Infer the mode from context:
- If the prompt mentions "audit", "assess", "evaluate", or "what level" → **Audit mode** (§ Conformance Audit)
- If the prompt mentions "improve", "evolve", "mature", "next level", or "add" → **Maturation mode** (§ Maturation Ladder)
- If ambiguous, default to **Audit mode** first (assess current state, then guide improvement)

---

## Maturation Ladder

Six levels from skeleton to production-grade. Each level is independently useful. Levels are sequential by default — each builds on the previous — but agents can skip levels if the app doesn't need them (e.g., skip L5 Diff Engine if the app has no snapshot-comparison use case).

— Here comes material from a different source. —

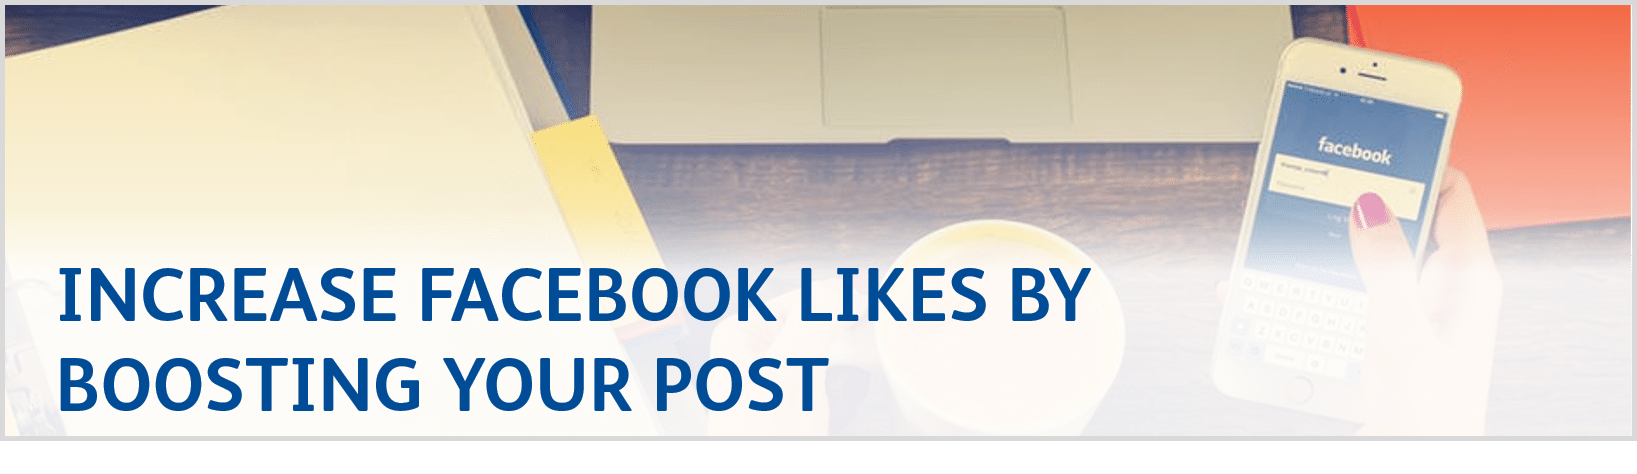 Facebook Refocuses Newsfeed: What It Means For Your Brand

**Domain translation:** The examples below use Shadow Work (a geopolitical simulation) as the reference. To apply to your domain, map "subsystem" to your app's major independent functional areas. Examples:
- **File sync tool:** watcher, transfer queue, conflict resolver, network layer
- **CLI dev tool:** parser, linter, formatter, cache
- **Game engine:** renderer, physics, audio, input, networking
- **API server:** auth, data layer, job queue, external integrations

### Level 1: Domain Health Modeling

**The hardest and most important level.** Most agents stop at "return true for healthy" — the real work is deciding WHAT to check.

**Process:**

1. **Identify subsystems.** List the 3-8 major subsystems of your application. Examples from Shadow Work (6 subsystems): simulation engine, economy, finance, emergence/AI, countries/entities, error tracking.

   Ask yourself: "If this subsystem is broken, would the app behave incorrectly?" If yes, it's a subsystem.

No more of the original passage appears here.